A bus burns after it was hit by a rocket fired from the Gaza Strip, Israel-Gaza border, November 12, 2018.Credit: AFP

The army has tried to evade responsibility for the incident in which an empty bus that transported soldiers minutes earlier was hit by an anti-tank missile fired from Gaza as it parked at an observation post near the border.

One Israeli soldier, age 19, standing nearby was seriously wounded. The driver of the bus was uninjured but was treated for shock.

>> Analysis: Why Hamas' missile attack on Israeli bus actually shows it's not looking to spark full-on Gaza war

Immediately after the incident, the Israeli army announced that it was a civilian bus unconnected to the army or the nearby soldiers. After Hamas officials in Gaza released a video of the attack, the army changed its response.

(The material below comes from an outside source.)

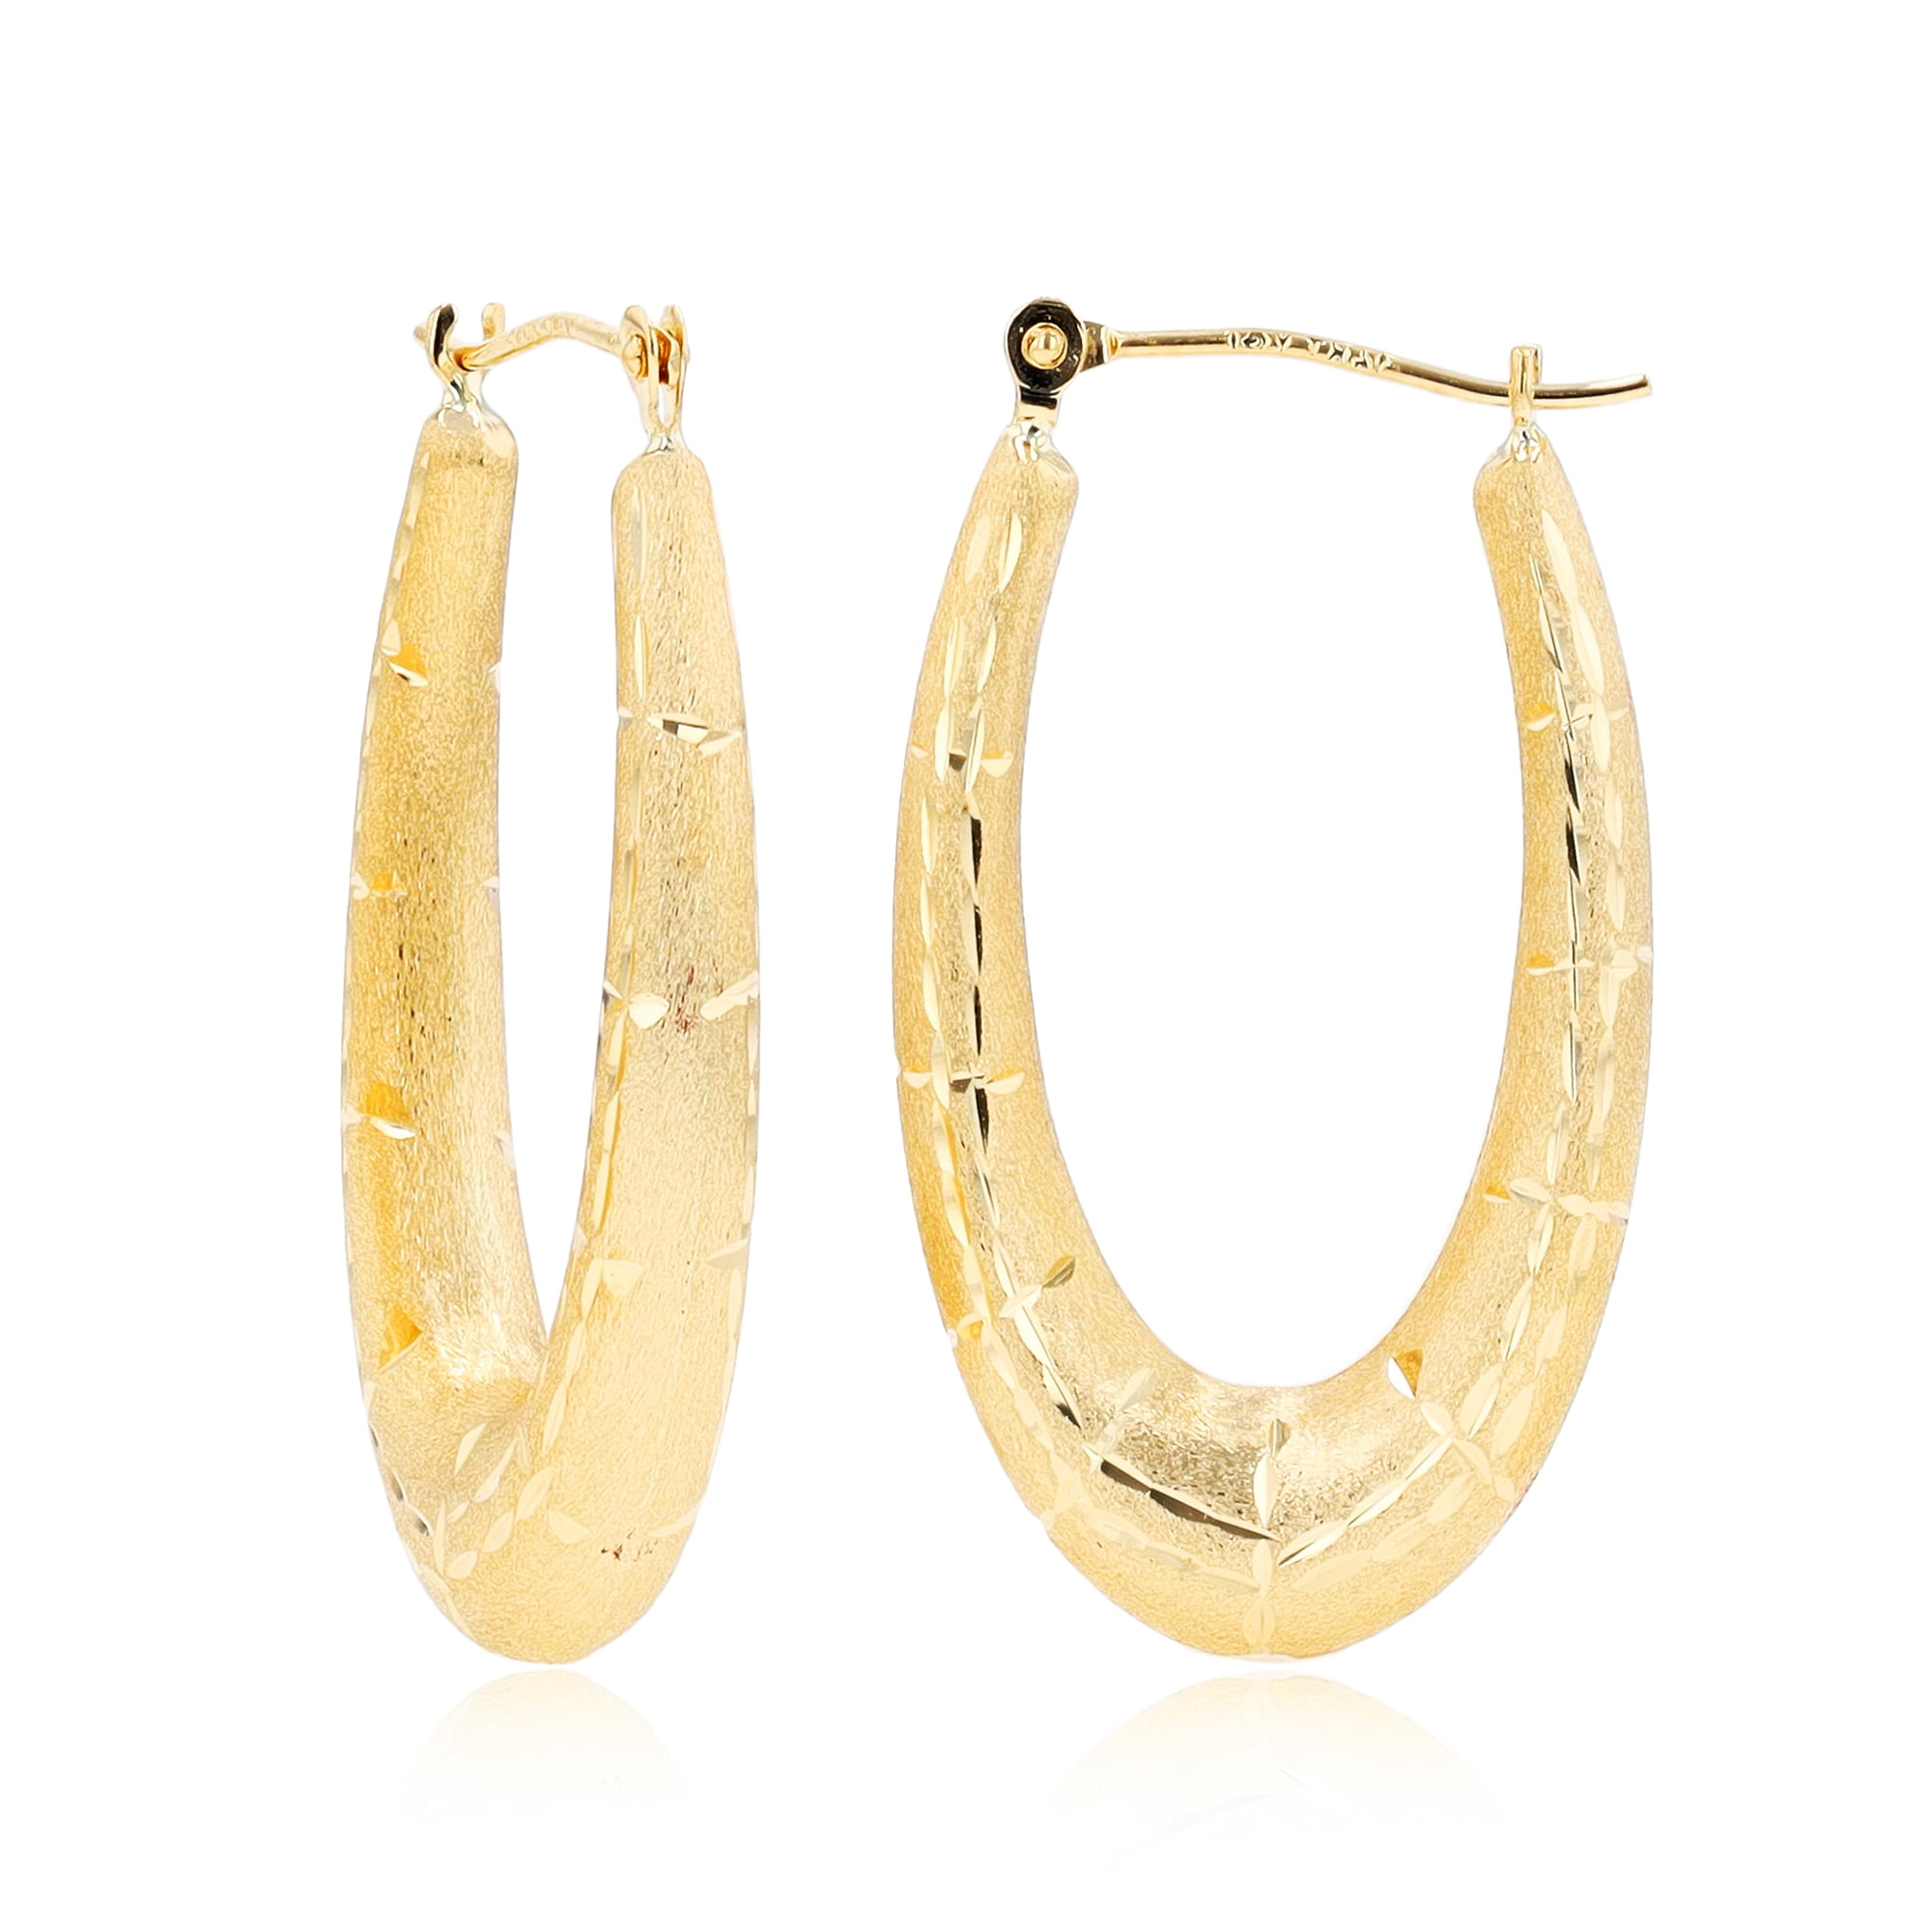 Solid 14K Yellow Gold Diamond Cut Two Tone Hoop Earrings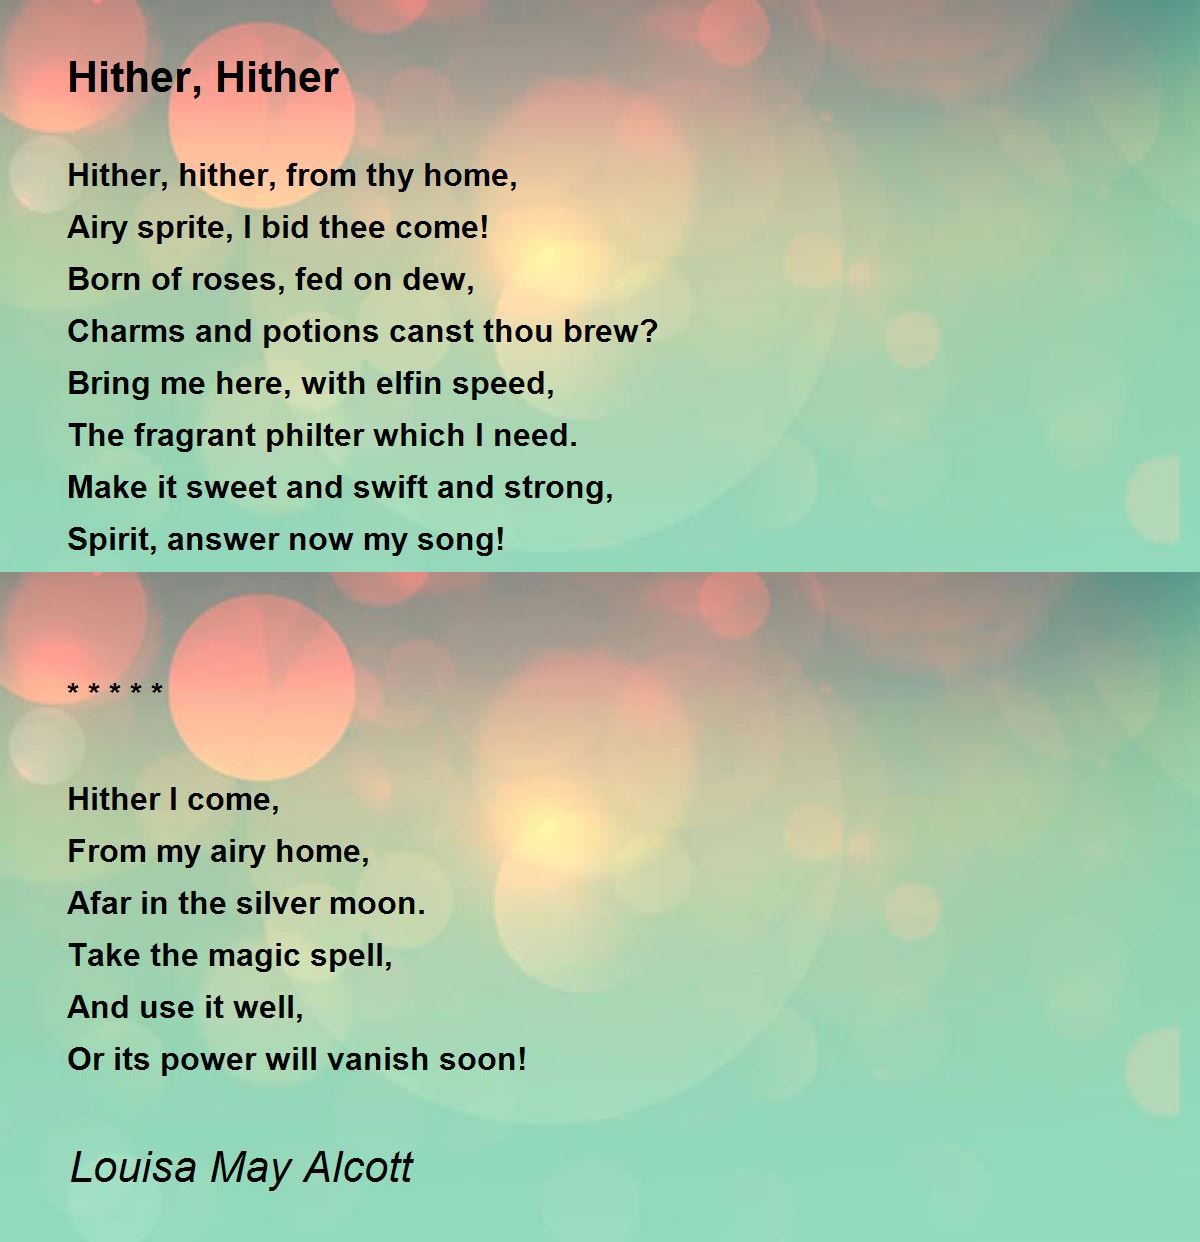 My Kingdom - My Kingdom Poem by Louisa May Alcott

Anti-tank missile launched from Gaza hit a bus in southern IsraelCredit: YouTube

It then emerged that, contrary to the army’s claim, soldiers had indeed gotten off the bus a few minutes earlier. Although Hamas was watching the bus and the soldiers the entire time, the bus was fired upon only after it was empty.

On Tuesday the army announced that it had established an investigative  team headed by the commander of border defenses, Brig. Gen. Amir Abstein, to examine the incident. The team will look into the events leading up to the missile strike on the bus and the conduct of the soldiers and commanders at the scene.

Israel was aware of the possibility that Hamas could attempt to fire at Israeli soldiers near the border amid rising tensions following Sunday's botched IDF special force operation in Gaza that led to a confrontation between the Israeli unit and Hamas militants east of Khan Yunis. The confrontation resulted in the deaths of one Israeli officer and seven Palestinians and triggered a wave of rocket attacks into Israel from Gaza.

A preliminary army investigation revealed that the soldiers came to the area to reenforce forces near the Gaza border, although they were in the middle of a training course. When the bus arrived at a Military Police checkpoint in the area, it proceeded on with the approval of commanders. Although it was said that the group had proper entry permits, that was not the case,. 

A few minutes after the soldiers disembarked, the missile destroyed the bus. The video was quickly made pubilc by Hamas on social networks as a sign of its success.

"There hasn't been much of an explanation," the mother of the 19-year-old soldier injured in the attack told Army Radio on Wednesday. "They say that it was a split-second decision. They thought the situation was okay. There was some sort of order for them to perform an exercise there," she added, "They definitely didn't [put the soldiers in harm's way] on purpose."

"It's still under investigation. Why would you take soldiers there under the circumstances? They haven't told me much... I think the army needs to be clearer in their explanations," she added.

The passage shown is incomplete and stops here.